The following is the text of the keynote delivered by Professor Desmond Patton at the Queer Caucus’ special graduation ceremony.

“I have a duty to speak the truth as I see it and share, not just my triumphs, not just the things that felt good, but the pain, the intense often unmitigated pain. It is important to share how I know survival because survival is not just walking through the rain.” -Audre Lorde

Desmond smiles into camerw wearing dark rimmed eyelglasses, a white colored top and dark coat.

I’ve been struggling with what to say to you because I want you to leave this room, this institution feeling inspired, encouraged… that these last two years and thousands of dollars were all worth it.

I want you to feel that you are the most prepared social workers in the country. And I know that’s true because a lot of you were taught by me.

However, my own reality and deep pragmatism calls for a more complex graduation speech.

Ten years ago I couldn’t fathom giving a speech at a Lavender graduation.

Being Black in America, I have always been acutely aware of my race and, as such, it has always been my primary identity. Growing up in the South, being Black consumed my everyday… who I hung out with, the spaces and places I had access to, my educational experiences, and healthcare.

Even when the kids on the blacktop said I talked like a girl or told me to stop acting like a fag, their common use of the N-word seemed to always take precedence. I just didn’t have the luxury of being gay, too.

So as you might imagine, coming out of the closet seemed like something I would never be brave enough to do. I was already black, why add anything else? In college I came out to myself, which allowed me to date and at least accept my attraction to men.

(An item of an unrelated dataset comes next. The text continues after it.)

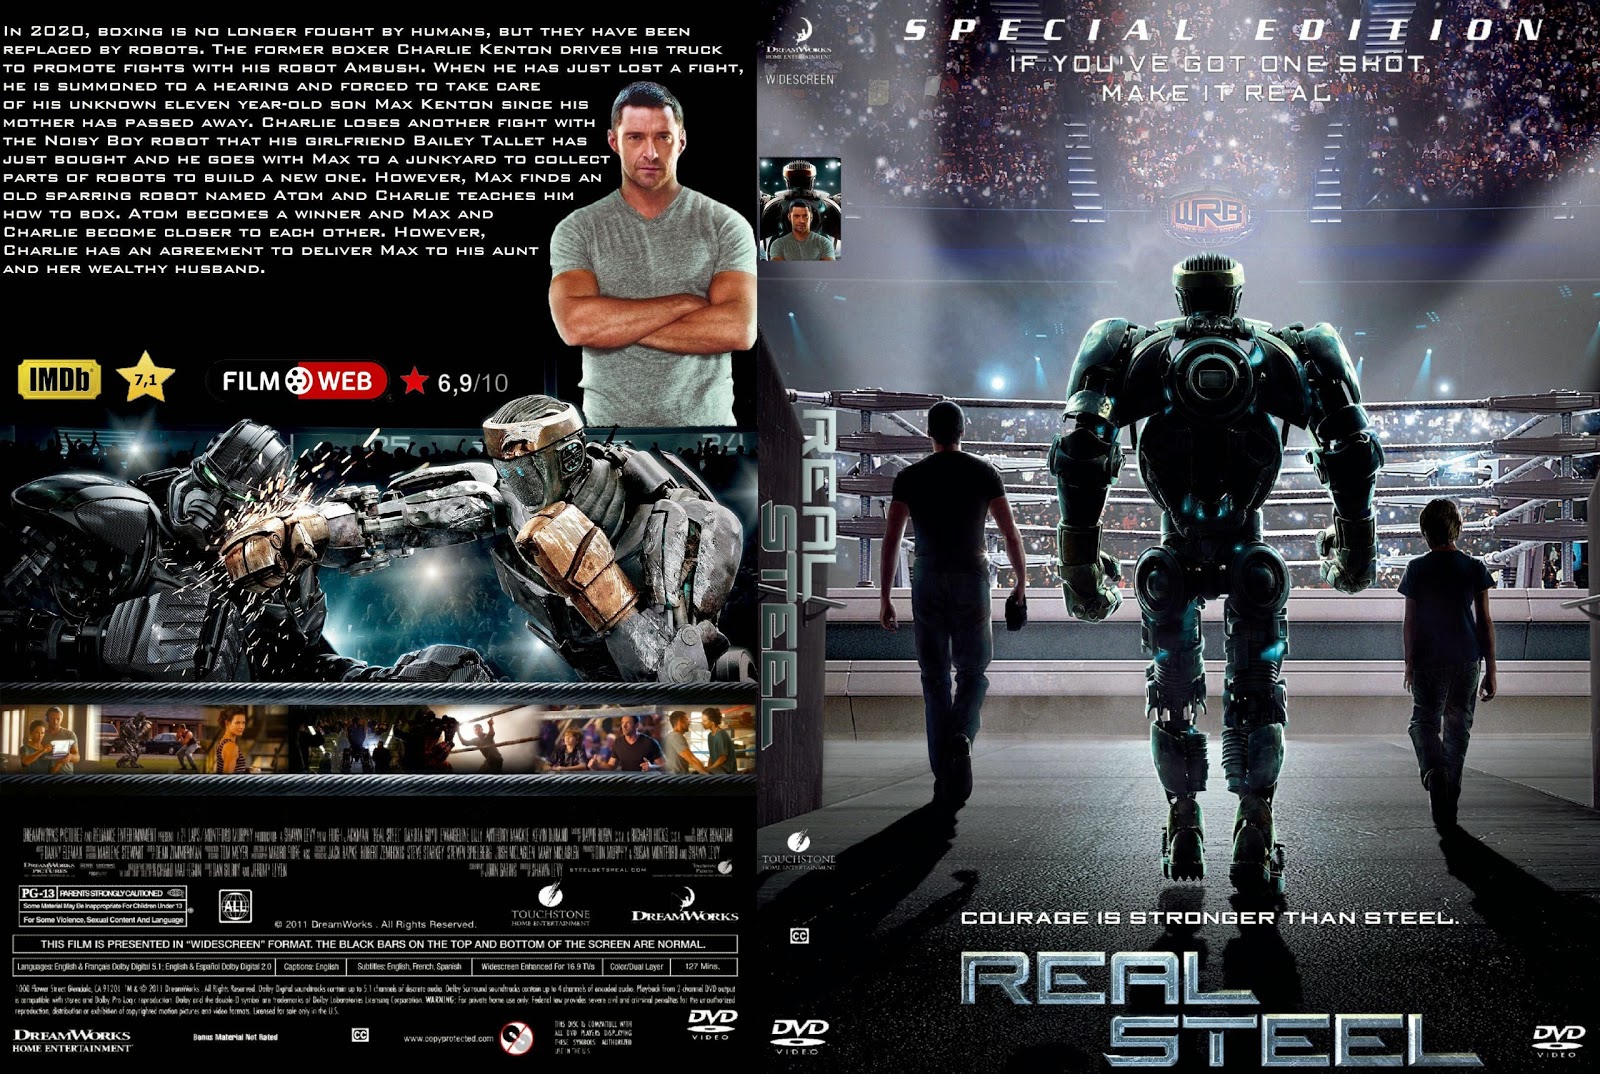 Capa DVD Real Steel Special Edition 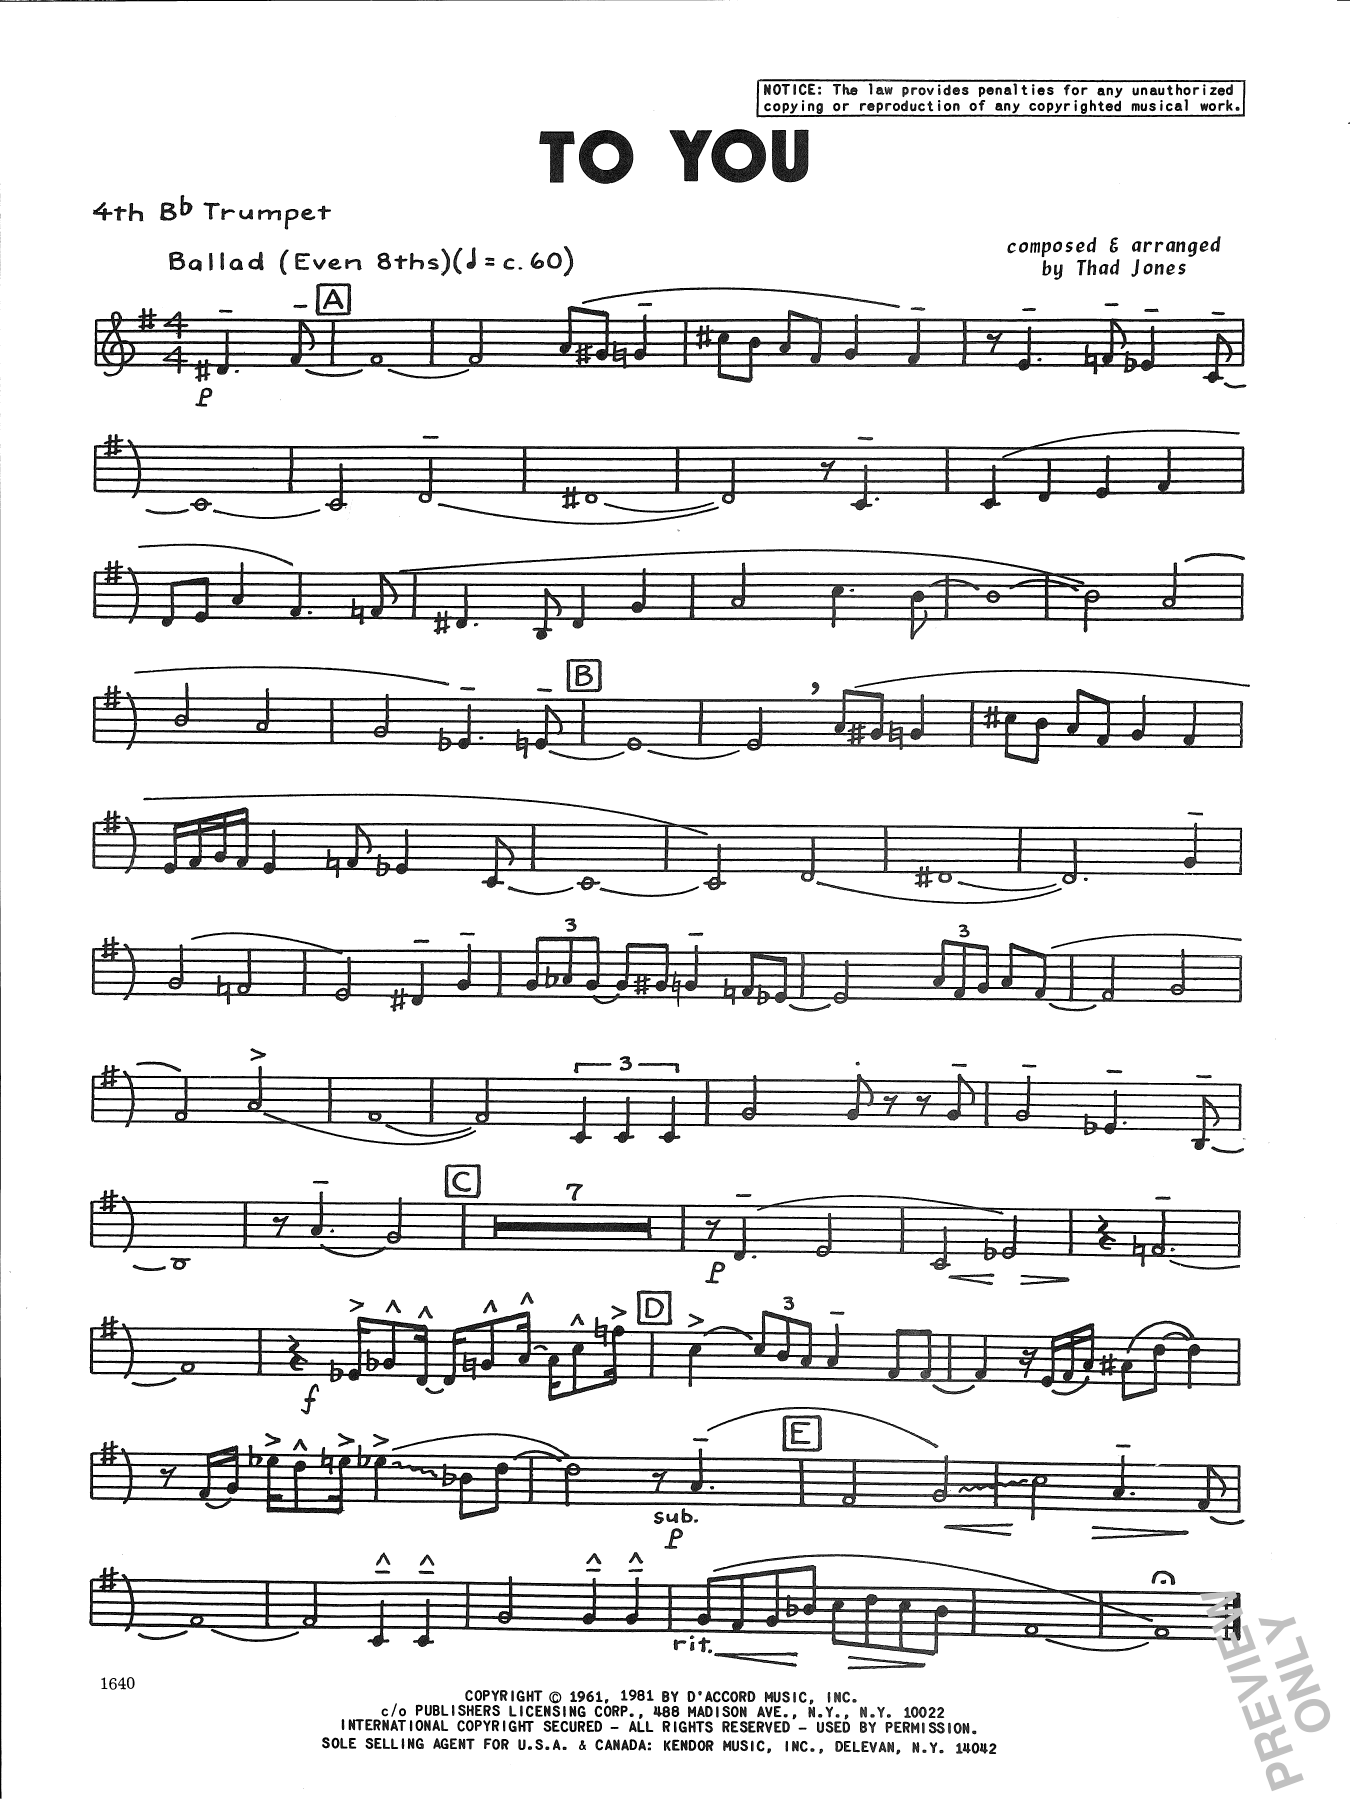 Download Thad Jones To You - 4th Bb Trumpet Sheet Music

On a crisp fall night my senior year of college, I decided I was going to come out to my closest friends from home, three African American women whom I had known practically all of my life and who attended different colleges in North Carolina.

We had a weekly Instant Messenger chat session. My screen name was Pirseig Dez because my real name was taken and I was clever and just used a random letter. We used this weekly check in to gossip, share our hatred for long papers, and talk romance.

I decided it was time to come out and I was terrified and yet somehow my fingers starting moving and I started writing, “Ladies, I want to tell you something… I’m…”

The three of them wrote back with lightning speed. “Desmond, we know you’re gay. Have you studied for your Anthro exam?”

If only you could’ve seen my face behind the screen. I was relieved, elated, and also annoyed that they knew my T…. the shade of it all.

The following year I went of to graduate school at the University of Michigan to pursue a master’s in social work. I have to say, it was easy to be gay at Michigan. For the first time I met people who were out… and proud. In 2004, talking about the experience of being gay was a regular thing in my classes. I also learned about different types of folks in my new community: twinks, and bears, queens, folks who identified as transgender or bi or folks who simply called themselves queer.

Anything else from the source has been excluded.